Why I'm not a fan of AI everywhere

But it does have use cases

These days it seems that AI is everywhere. It’s being pushed in your face, every application has an AI component. Even your OS is going to be agentic

In many cases I’m not a fan. But I can see some benefits under some circumstances.

Because of how many areas AI is getting into, this has become something of a long post (I’ve been putting it off for a while ‘cos I expected this!). And I’ve only covered a fraction of the potential use cases.

Background

When I’m talking about “AI” in this post then I’m mostly talking about the modern “Large Language Model” style of systems. These are, inherently, prediction systems. Based on input and training models and constraints on the output the system will generate responses that are statistically likely to be relevant.
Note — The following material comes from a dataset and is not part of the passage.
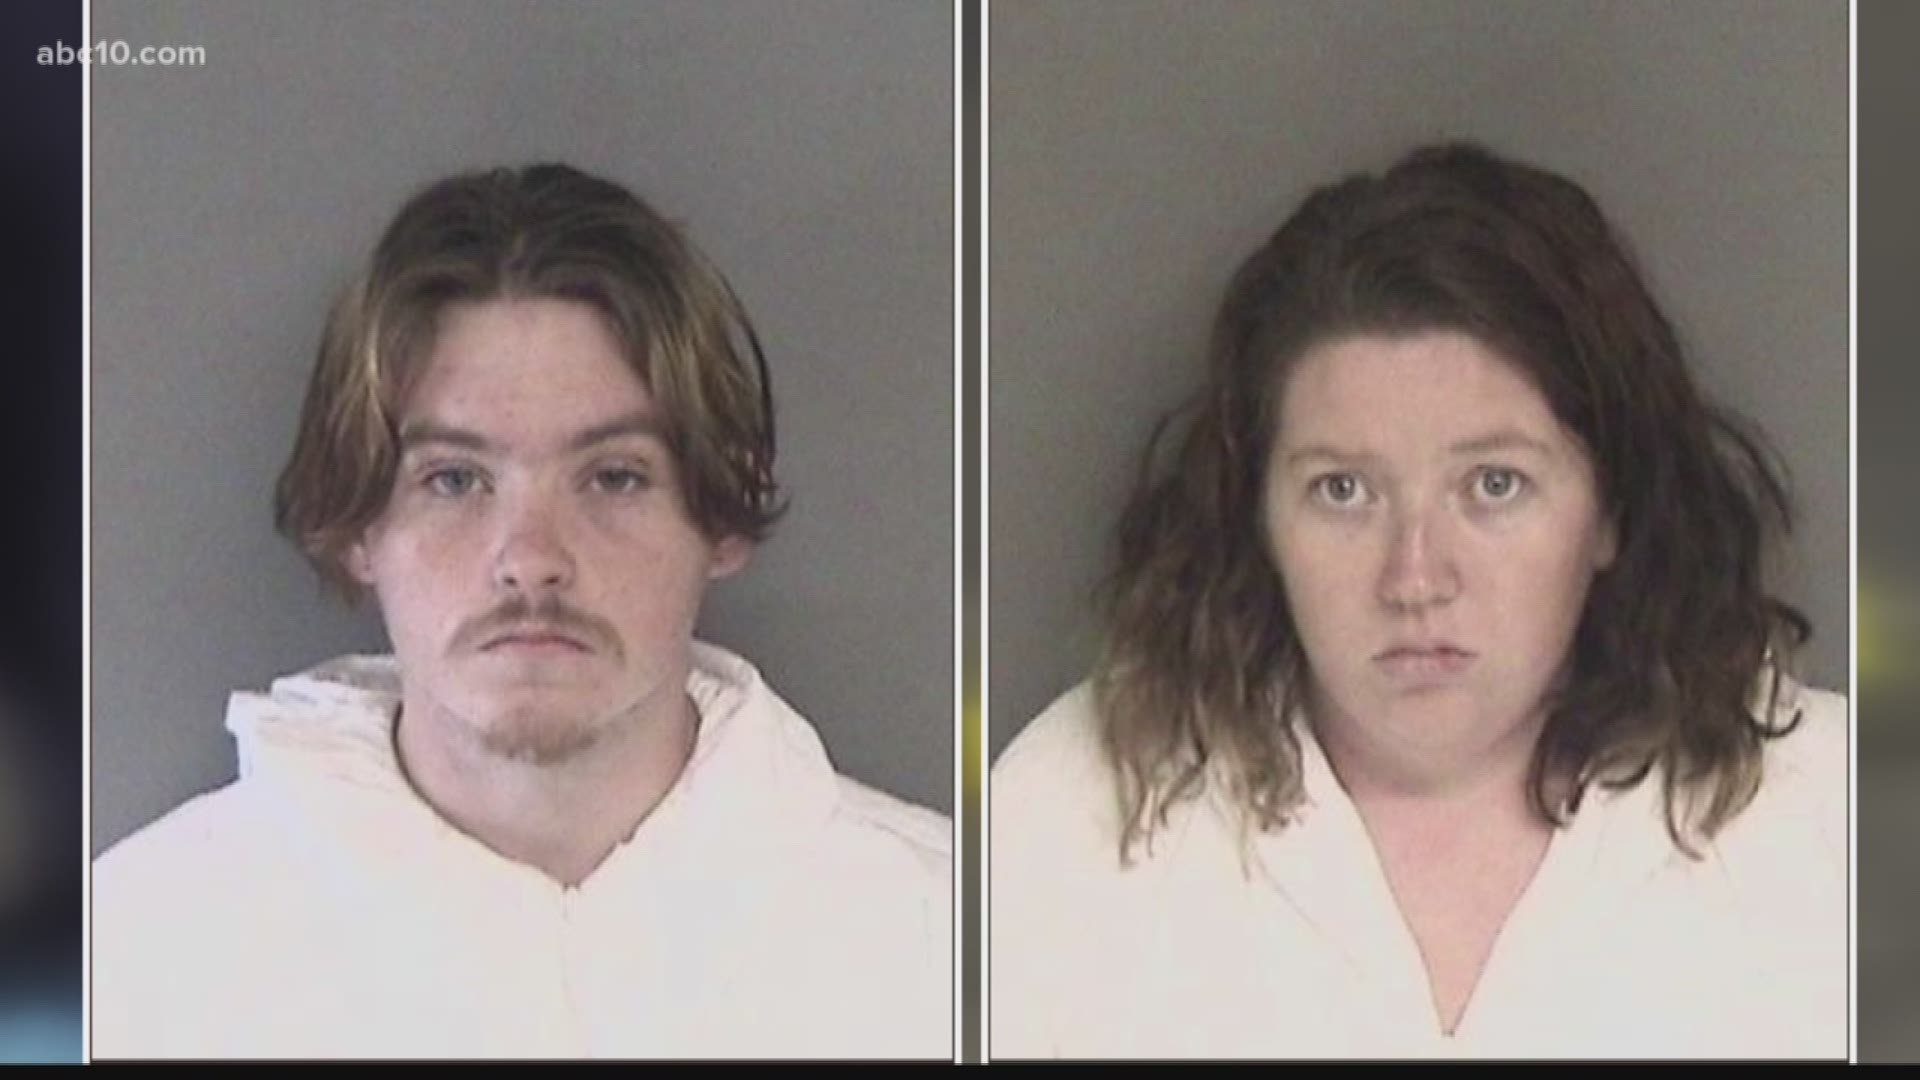 A man and woman arrested in the fatal stabbing of a 19-year-old woman found by a motorist along a California road were friends of the victim, an official said Tuesday.

John Scalzi, a pretty successful SciFi author, has written how xAI’s grokipedia makes shit up using himself as the subject of a query. He’s done this with other AIs and got similarly wrong results.

This, for example, is why AI’s have trouble with basic maths or why they “hallucinate”.
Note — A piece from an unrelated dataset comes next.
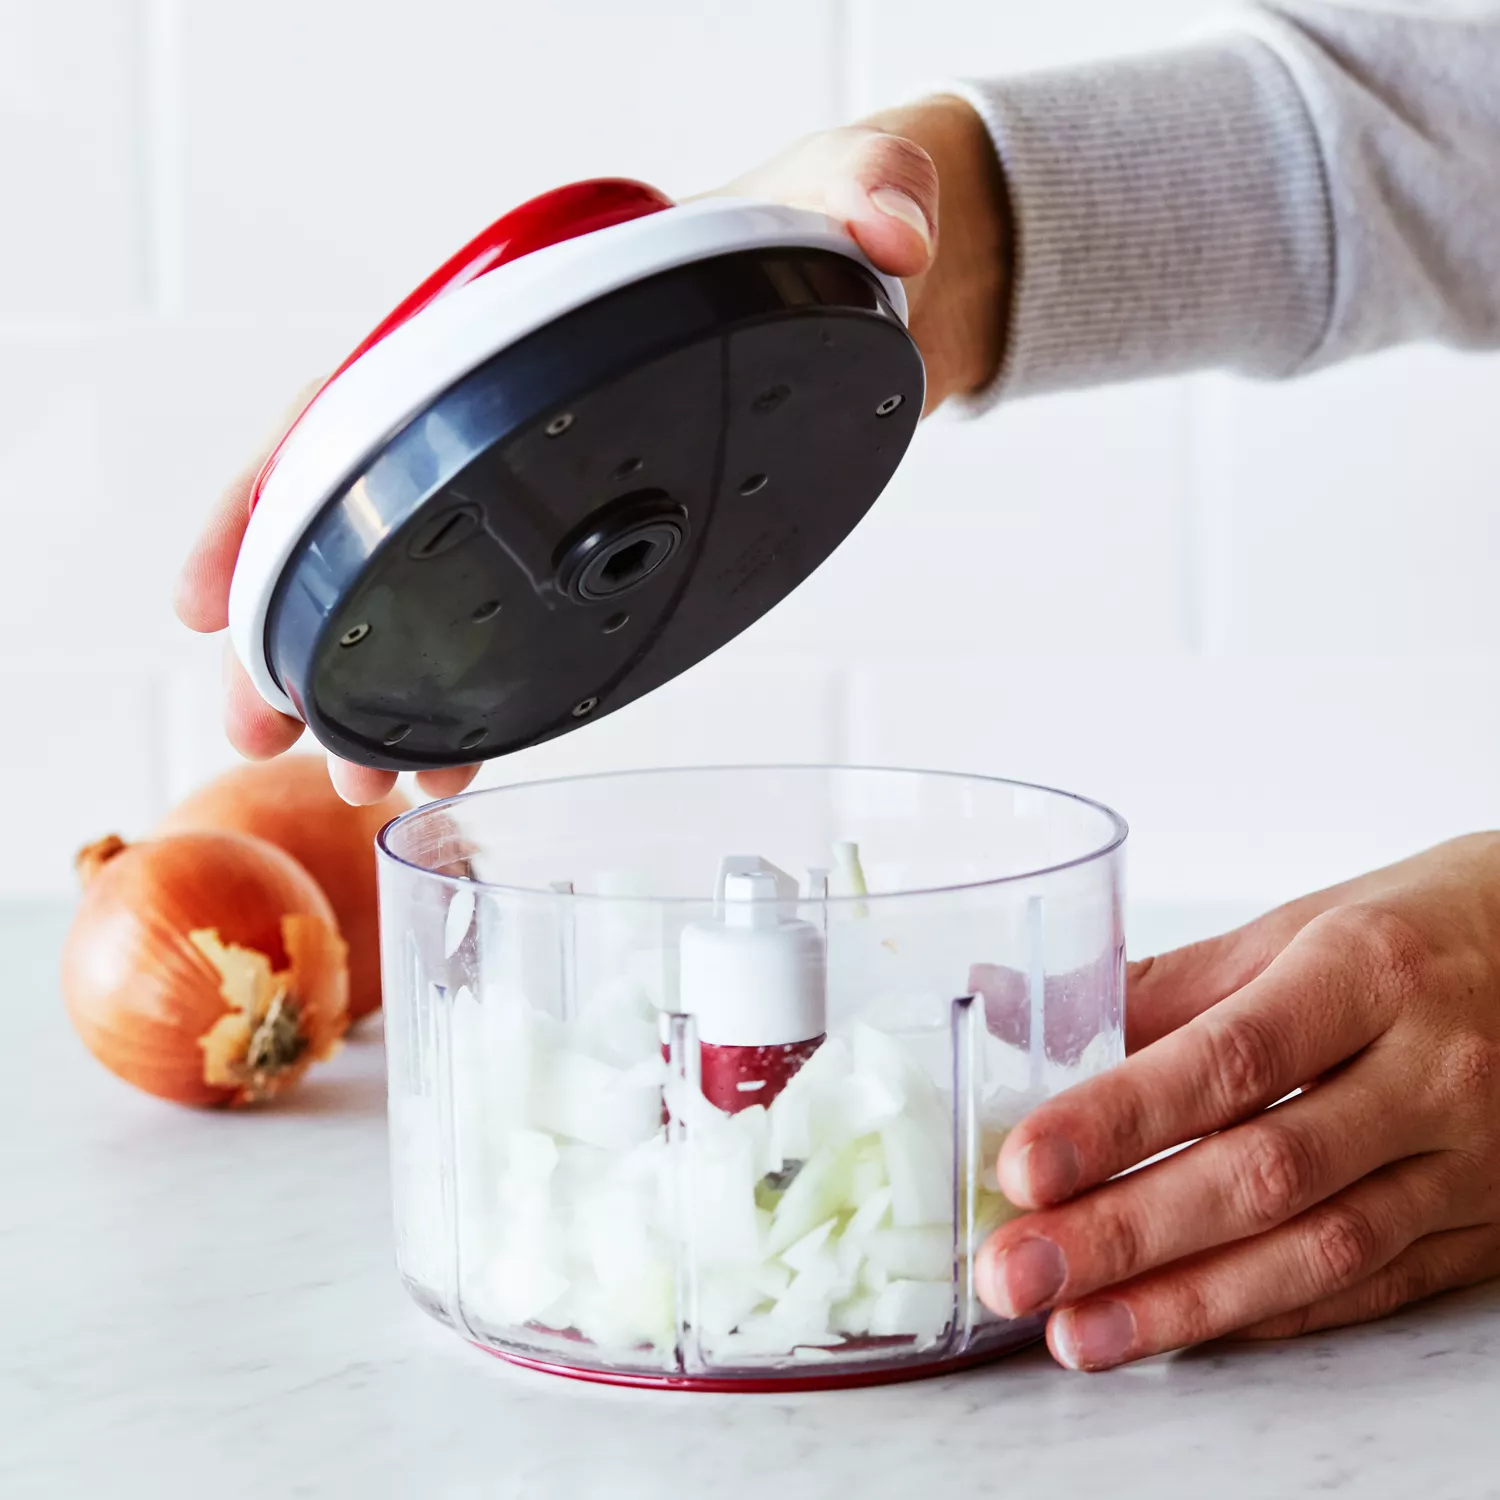  Hand Powered Food Chopper,Portable Easy Pull Food

Despite these failures, somehow these AIs can pass bar association exams or do well in maths tests. Yet they fail to be accurate in the real world, famously inventing cases. I suspect this is because exam questions and answers are more generally known, and so show up in training data.

With this background I’m going to look at a few use cases and give my opinion on the suitability (or not) of AI.

I’m not going to discuss whether the current generation of AI is true AI (AGI), or whether the current path is going to lead to it. I’m not going to discuss how marketing has caused a terminology shift. I’m not going to discuss the potential AI economic bubble, nor the energy and water used. Nor the data and intellectual property stolen to create the current models.

What I’m going to talk about is the use of this AI.

Agentic OS

I’ll start here since I mentioned it earlier. And I really really don’t want this.

The problem, in my mind, is one of determinism. We have spent decades making computers do exactly what we tell them. We’ve invented specialized languages to try and be as precise as possible in making these statements.

Natural language is inherently imprecise. We see this, all the time, in online conversations. Emoticons (and later emojis) appeared in online text communities (eg Usenet) to try and avoid the problems caused by language ambiguities and through the lack of secondary information channels (tone of voice, facial expressions, body language); I might call my friend an arsehole or wanker as a mild humourous jab, but then use the same words to denigrate a stranger. An outsider, reading just the text, can’t tell.

So if two humans can’t understand each other perfectly (even worse if one is English and the other is American), can we expect some AI to understand my intent? I really don’t want my computer to do unexpected things because it interpreted my natural language commands differently to what I intended.

A common counter to this would be a “Human In The Loop” (HITL) process, but this really won’t work. Imagine this scenario…

  • Computer, open the last document I was working on
  • Do you want to open pornographic_document.jpg?
  • Dammit, no! That’s not what I meant! Go away, I’ll do it using keyboard and mouse

It would get even worse as your PC starts to control more of your life; for example if you have a smart house you won’t want to be prompted every time you ask it to turn a light on

  • Computer, turn on the light
  • Do you want me to turn on the light?
  • Oh STFU, and just do it without asking me in the future.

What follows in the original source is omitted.